What to produce: Starting with the line that holds "Pair of small", repeat each line through the last one below, exactly. Pictures stay out.

[Records from a dataset]
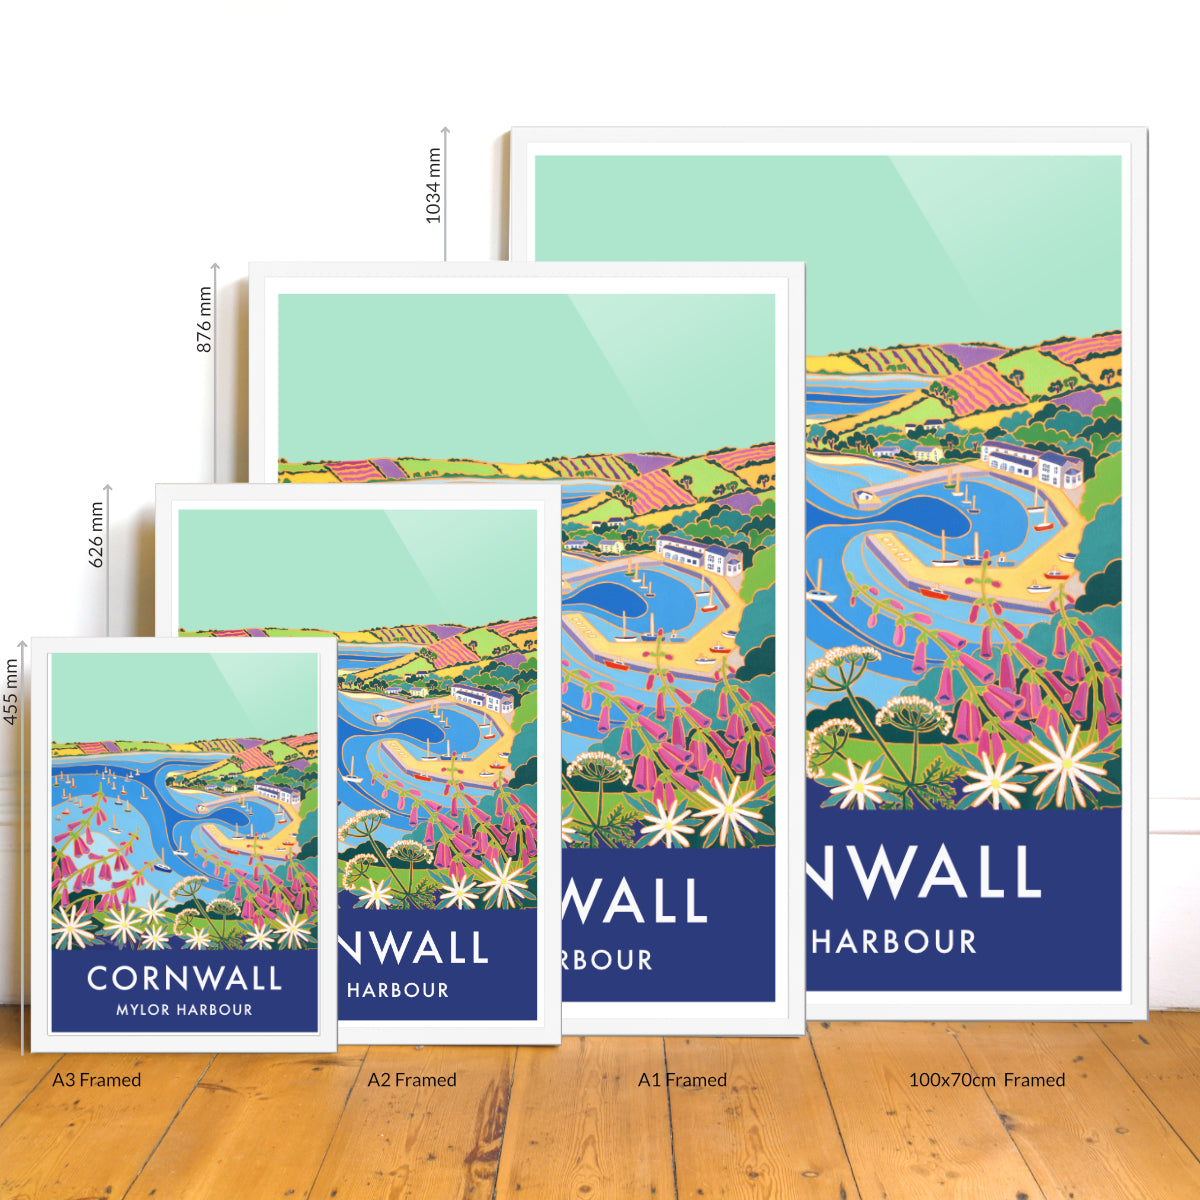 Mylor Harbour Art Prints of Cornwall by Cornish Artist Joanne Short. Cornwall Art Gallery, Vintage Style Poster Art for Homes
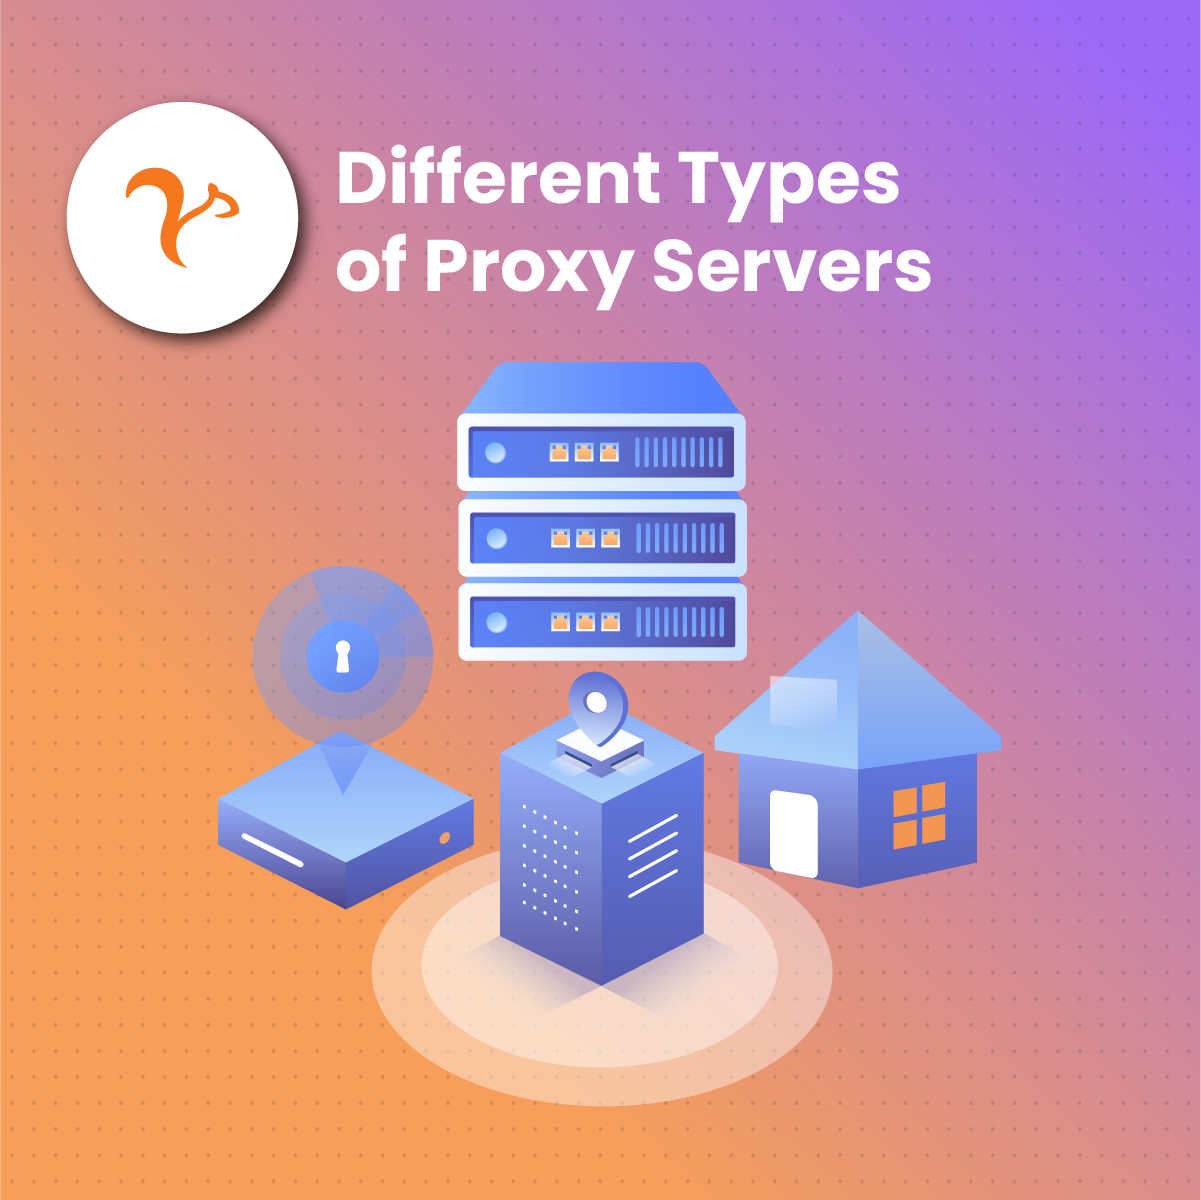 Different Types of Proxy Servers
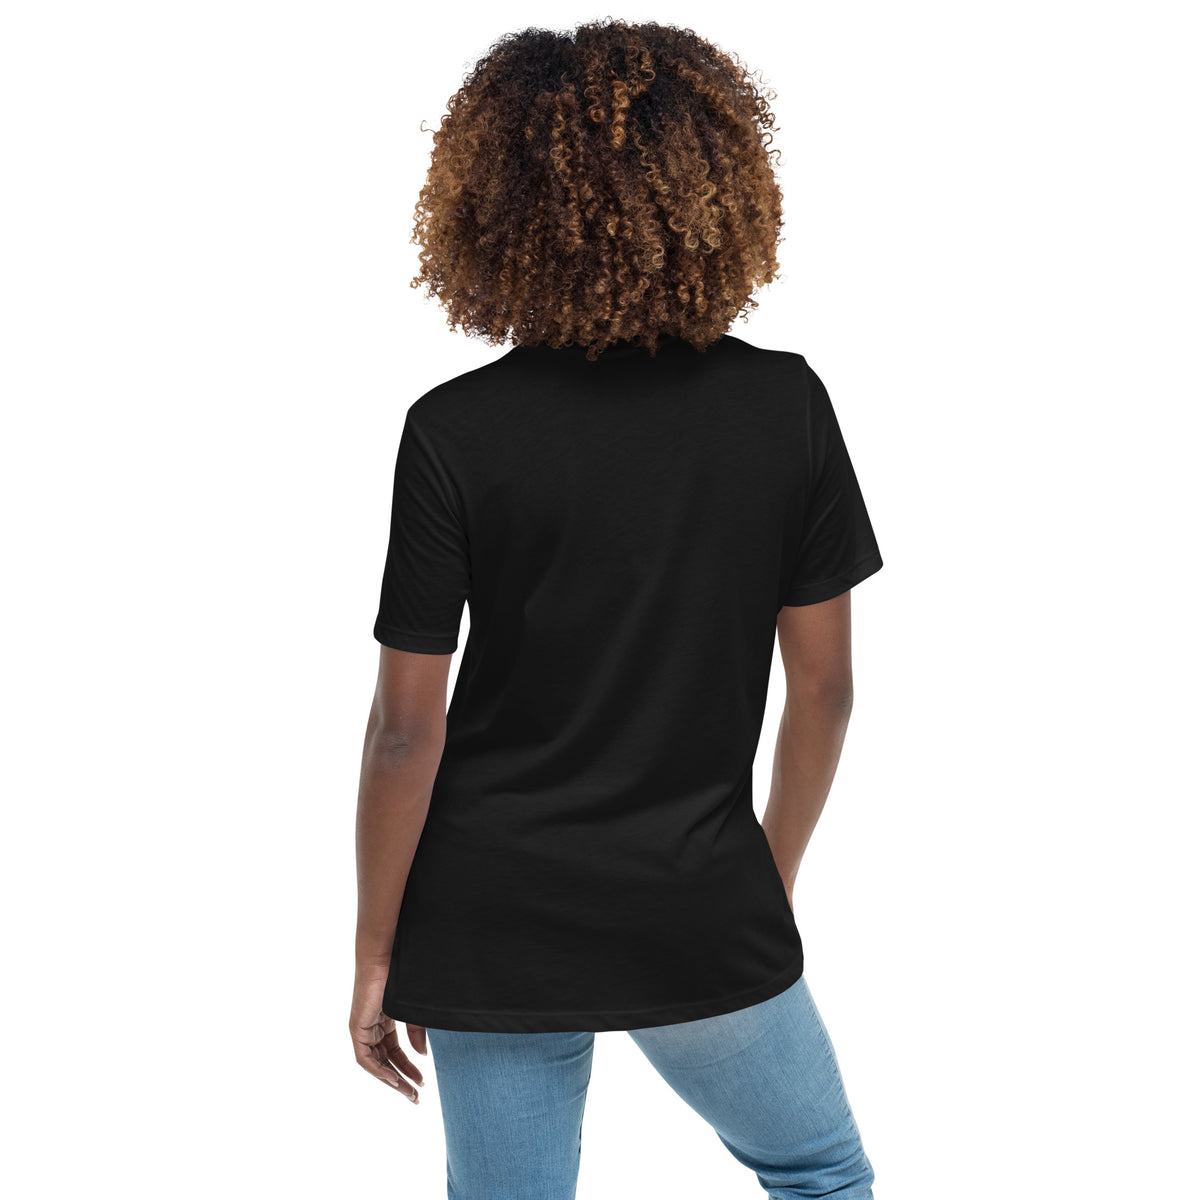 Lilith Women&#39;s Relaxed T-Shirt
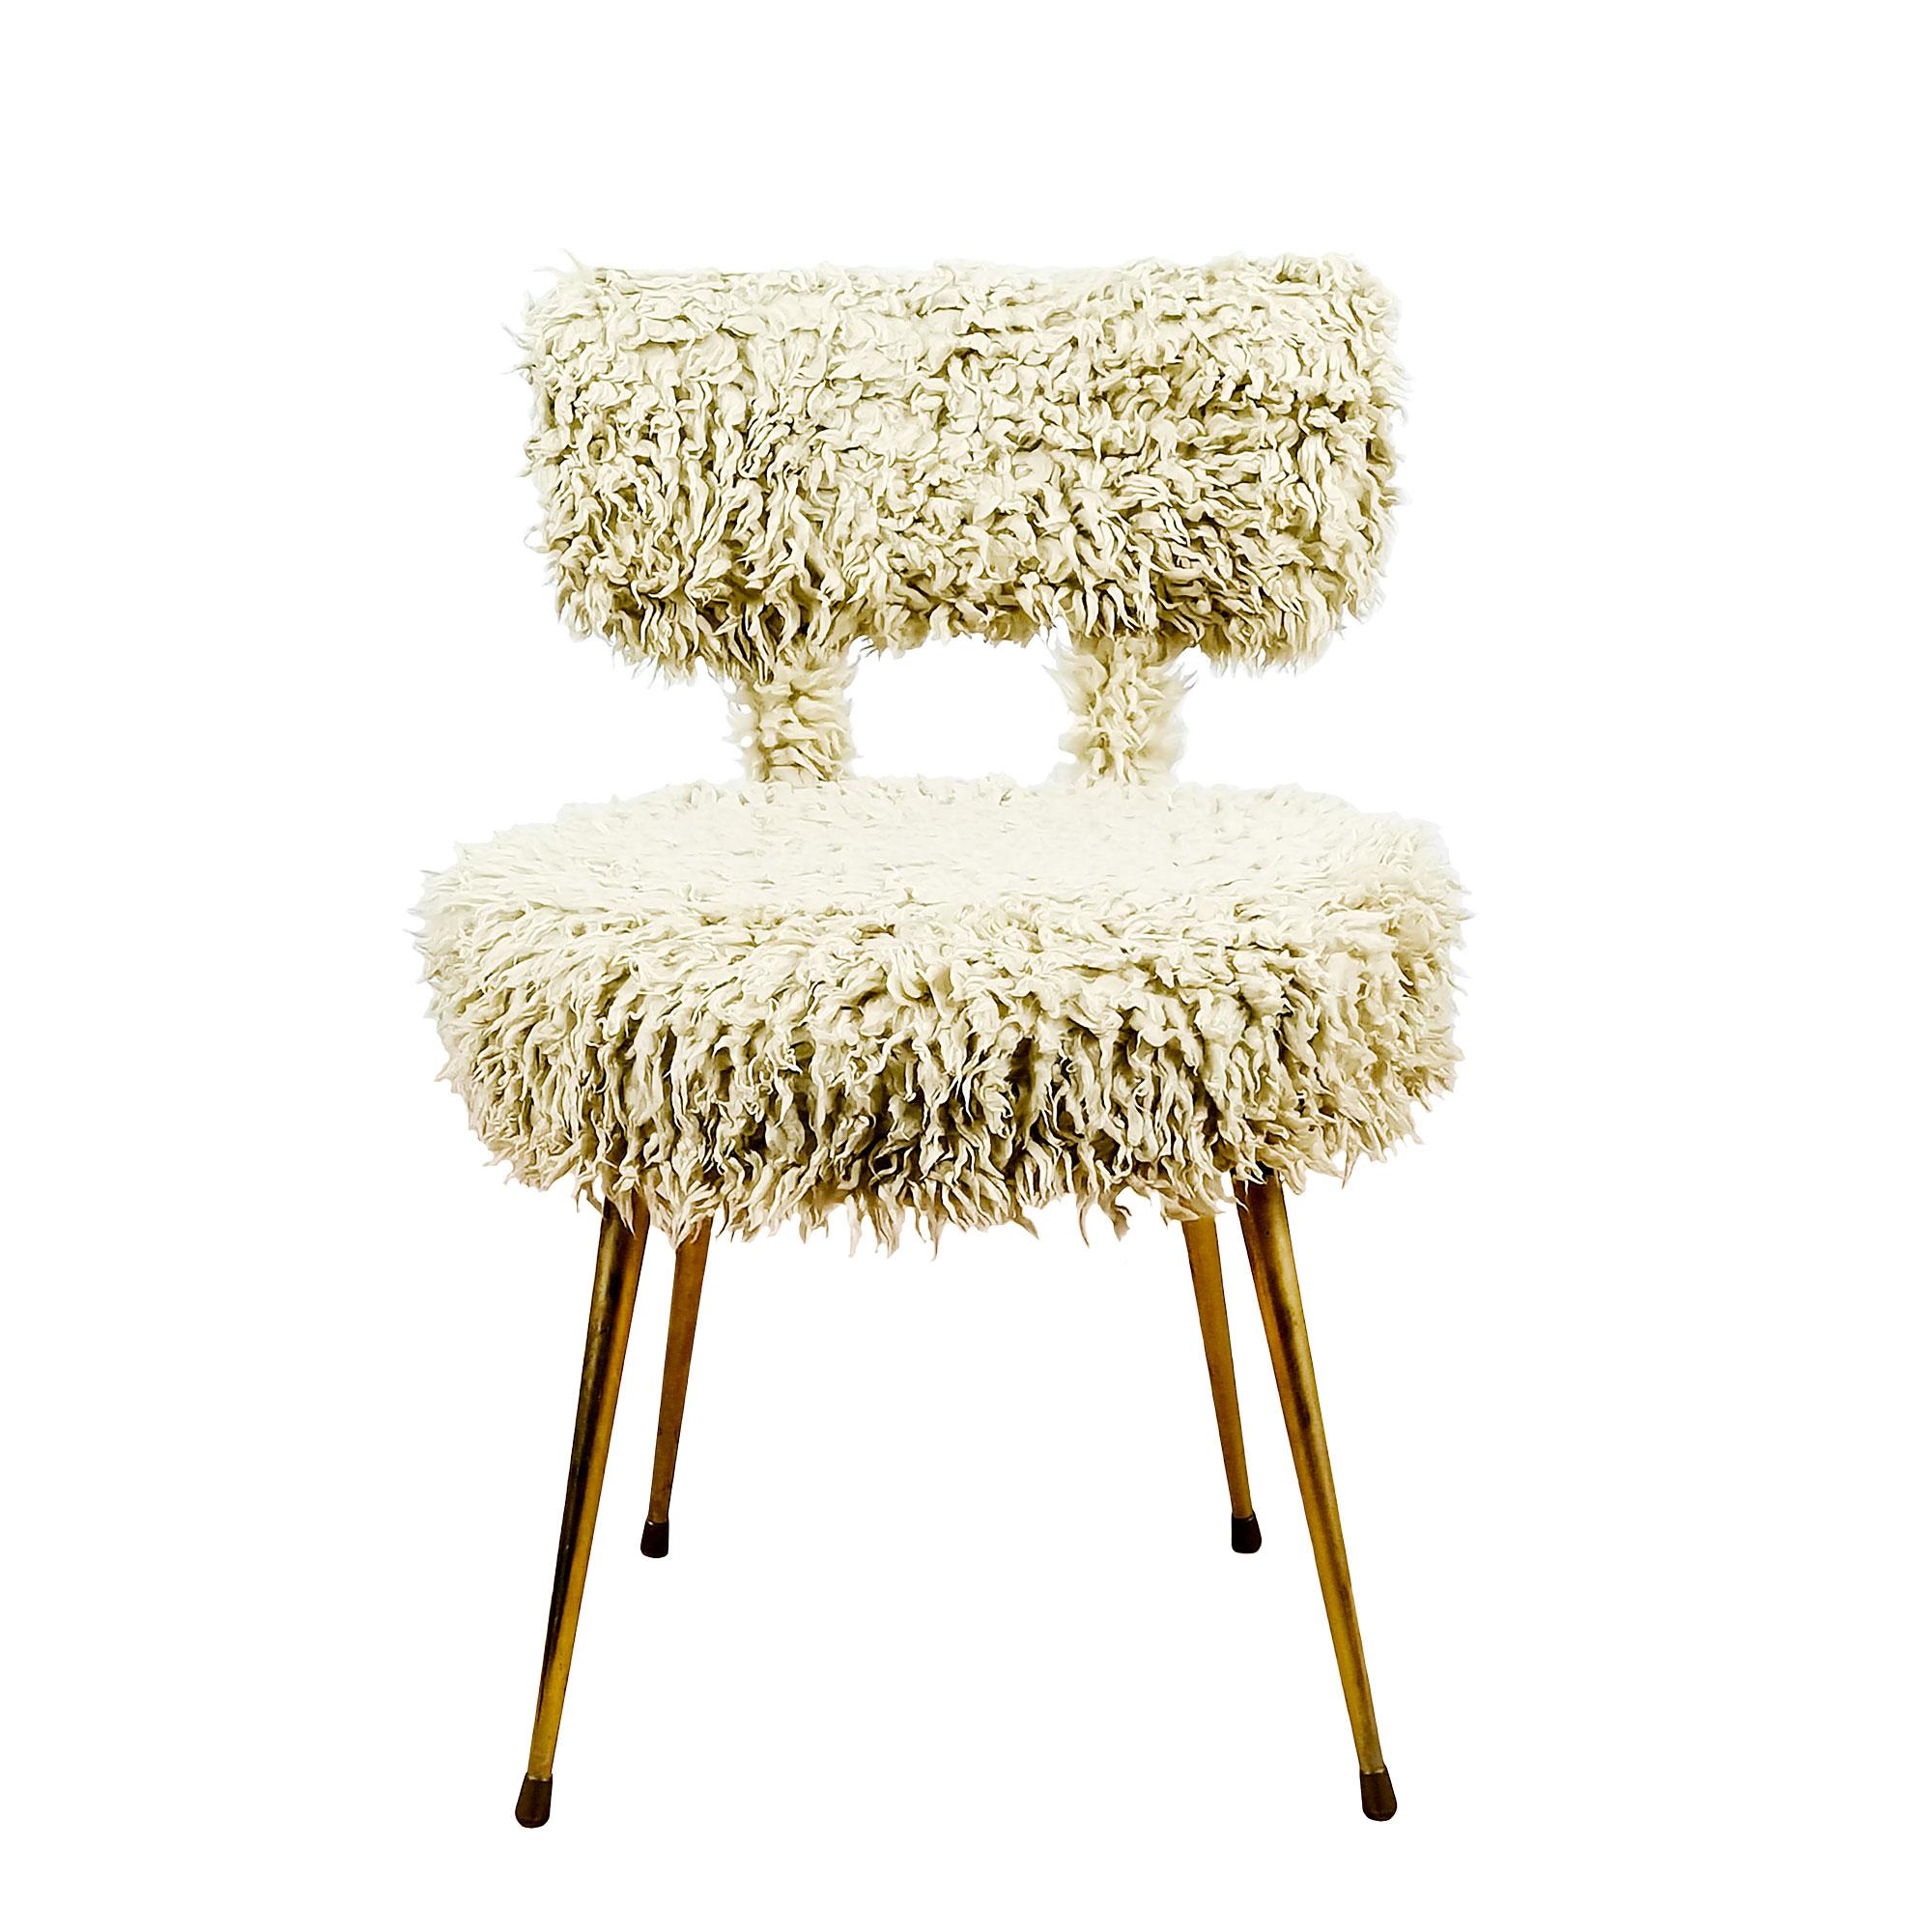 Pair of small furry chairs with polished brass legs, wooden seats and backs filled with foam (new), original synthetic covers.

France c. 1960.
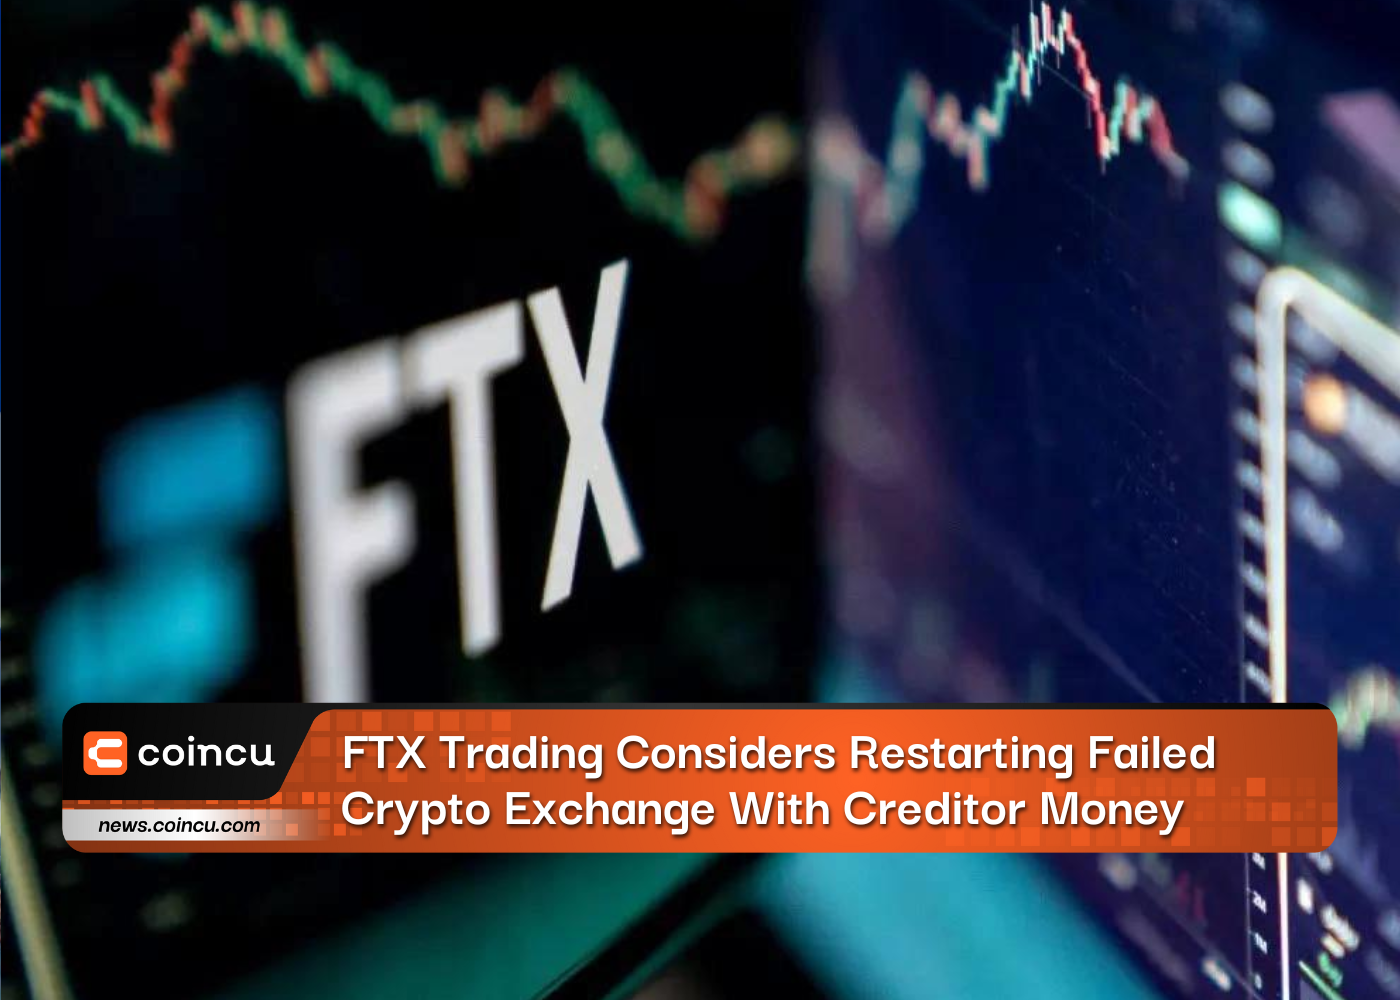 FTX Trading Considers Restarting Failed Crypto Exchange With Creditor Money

Written answer:
 Pair of small furry chairs with polished brass legs, wooden seats and backs filled with foam (new), original synthetic covers.

France c. 1960.
 FTX Trading Considers Restarting Failed Crypto Exchange With Creditor Money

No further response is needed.